Oncology healthcare providers may have a new assay to help better evaluate prognosis and target effective therapies for lymphoma patients, according to French researchers. They are reporting in The Journal of Molecular Diagnostics that the use of the reverse transcriptase, multiplex ligation-dependent probe amplification (RT-MLPA) assay can differentiate the two major subtypes of diffuse large B-cell lymphoma (DLBCL).

The researchers write that with the advent of targeted lymphoma therapies on the horizon, it is increasingly important to differentiate between germinal center B-cell-like (GCB) and activated B-cell-like (ABC) lymphoma because they differ in management and outcomes. Their analyses suggest that the RT-MLPA assay is as accurate as the current gold standard technology, and offers advantages such as simplicity, flexibility and a short turnaround time.

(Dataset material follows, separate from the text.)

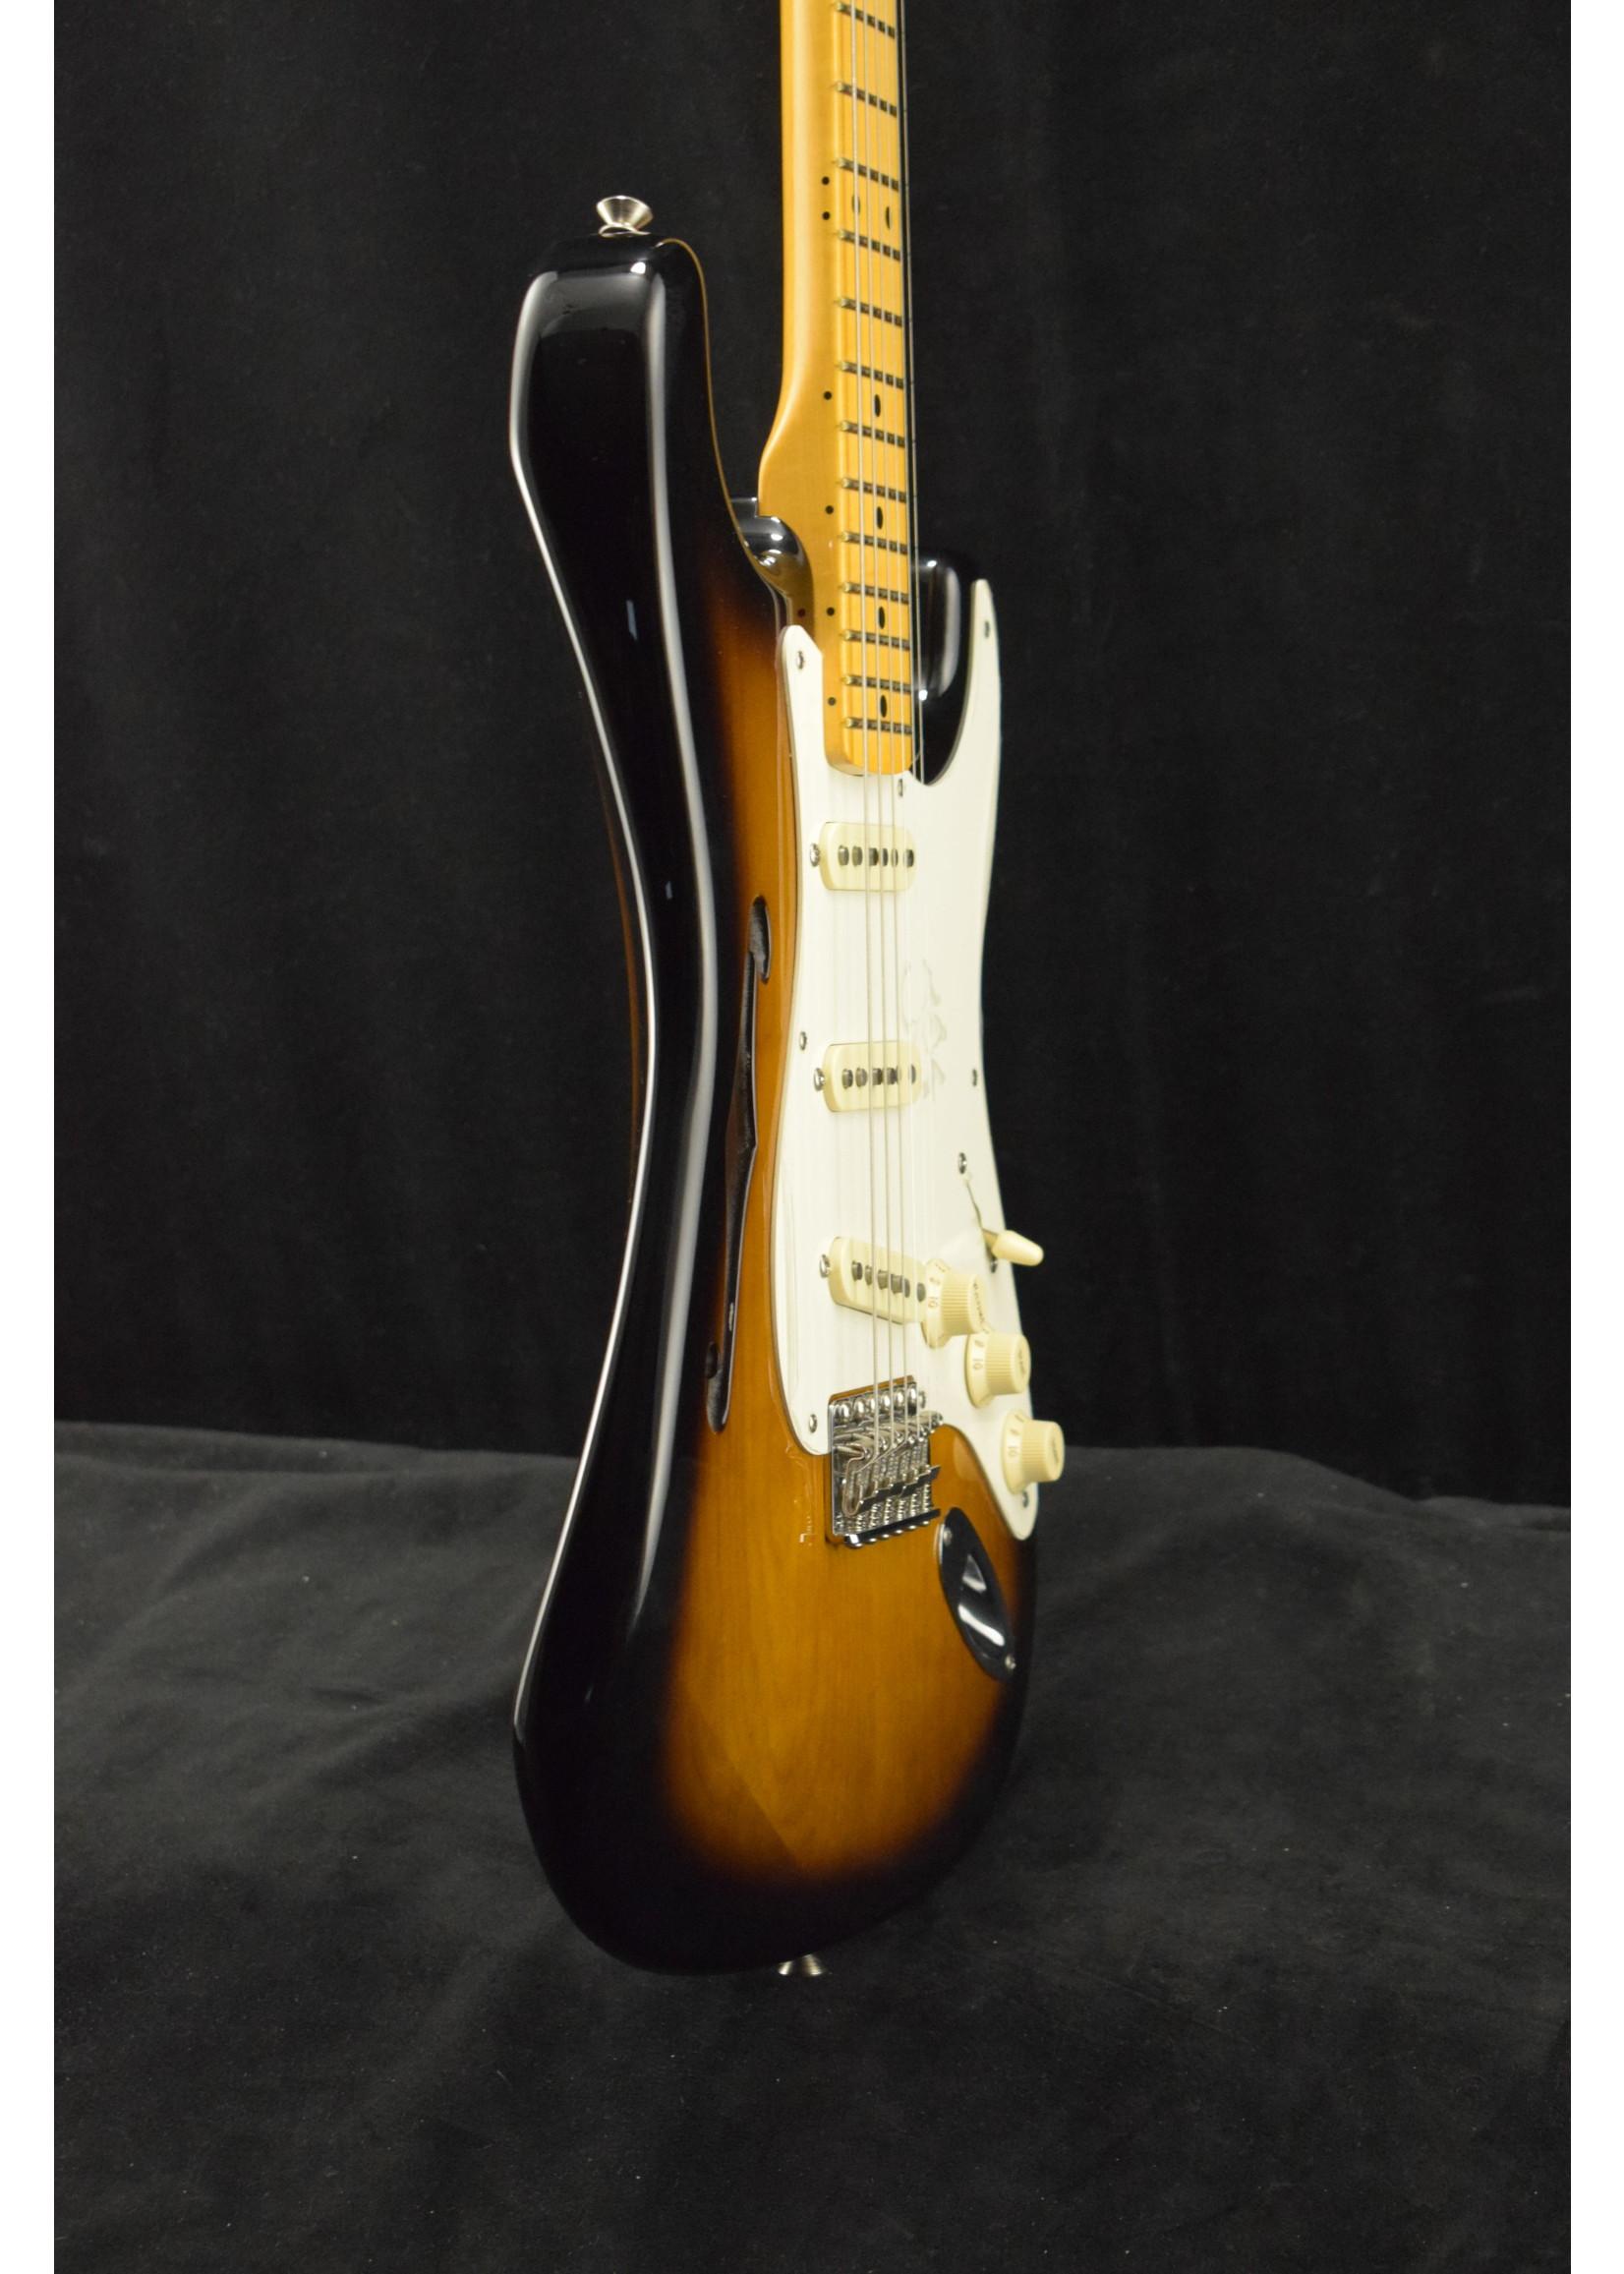 Fender Fender Eric Johnson Signature Stratocaster Thinline MN Maple Neck Sunburst SCRATCH & DENT

Lead study investigator Philippe Ruminy, PhD, who is with the Centre Henri Becquerel, Institute for Research and Innovation in Biomedicine at the University of Rouen, Rouen, France, said the differences in the progression of the disease and clinical outcomes can in part be explained by the heterogeneity of lymphoma. He said identifying which cases is GCB or ABC is paramount; however, Dr. Ruminy said these lymphomas are morphologically undistinguishable in routine diagnosis.

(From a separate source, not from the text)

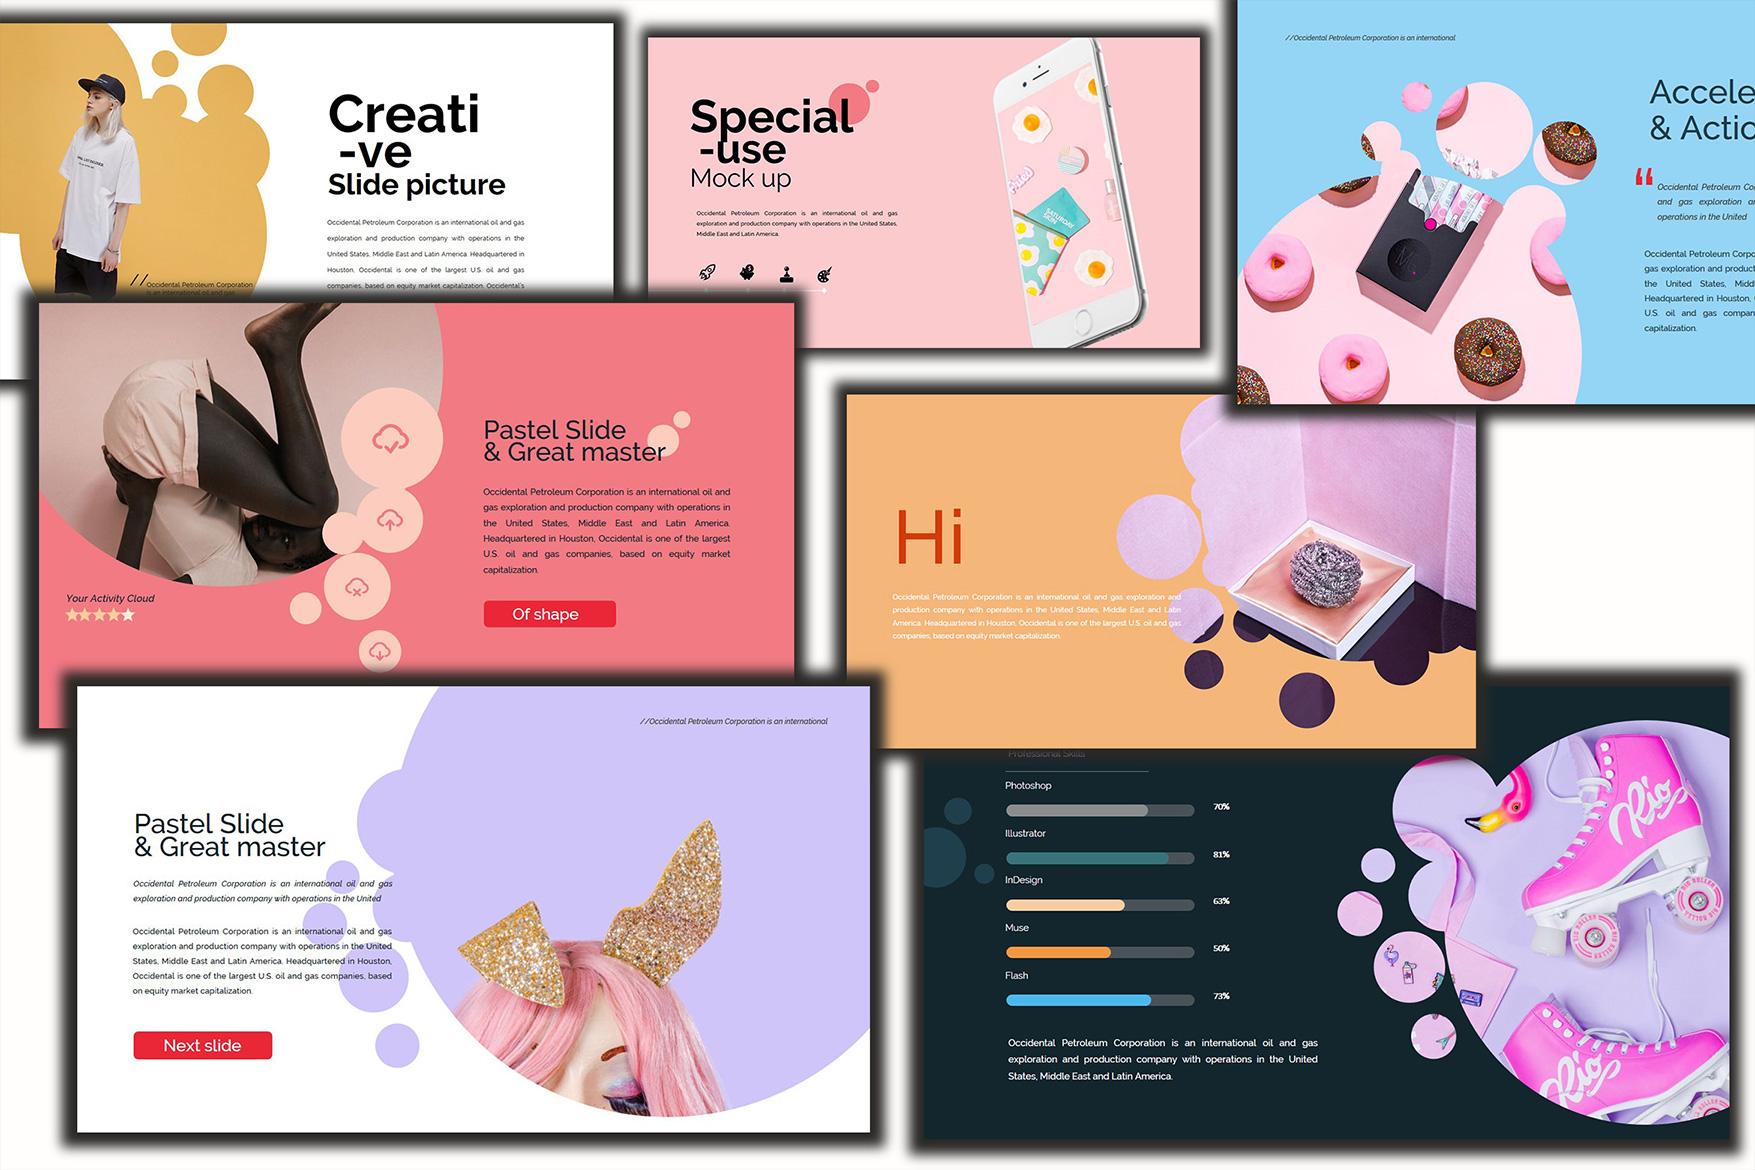 Velvety Fashion Google Slides Presentation example image 3

The array-based gene expression profiling (GEP), which is considered the gold standard for discriminating these tumors, remains poorly transposable to routine diagnosis, according to Dr. Ruminy.  In addition, he said the surrogate immunohistochemical (IHC) algorithms that have been proposed may not be as reliable as clinicians would like.

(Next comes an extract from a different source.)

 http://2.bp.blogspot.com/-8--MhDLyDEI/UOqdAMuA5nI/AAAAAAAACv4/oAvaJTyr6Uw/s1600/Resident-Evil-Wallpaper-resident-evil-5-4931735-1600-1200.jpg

Dr. Ruminy and colleagues analyzed lymph node biopsies from 259 patients with de novo DLBCL, including 195 patients from the Centre Henri Becquerel and 64 from an external group. The investigators compared the RT-MLPA assay to the gold standard method of distinguishing the two lymphoma subtypes. In a training series of 50 randomly selected DLBCL cases, the new method classified 90% of the cases into the expected subtypes (20 GCB and 25 ABC); however, 10% were considered unclassifiable. In a second independent validation series, 93% of 65 samples were classified correctly with the RT-MLPA assay.

The investigators also showed that the RT-MLPA assay was sensitive for analyzing archived formalin-fixed, paraffin-embedded (FFPE) tissue samples. Comparison of samples from paired frozen and FFPE biopsies showed that the RT-MLPA assay correctly classified 89.3% of 28 cases. The researchers looked at survival in 135 treated lymphoma patients diagnosed between 2001 and 2011 in order to evaluate the prognostic value of the assay. They found that patients determined to have the ABC subtype by the RT-MLPA assay had significantly worse progression-free survival (PFS) and overall survival (OS) than those with the GCB subtype. They also found that expression of several individual genes (high LMO2, high BCL6, and low TNFRSF13B expression) within the MLPA signature was significantly associated with prognosis.

Dr. Ruminy said the RT-MLPA assay yields results within one day and requires reagents costing less than $5 per sample. He noted this approach could easily be implemented for routine use.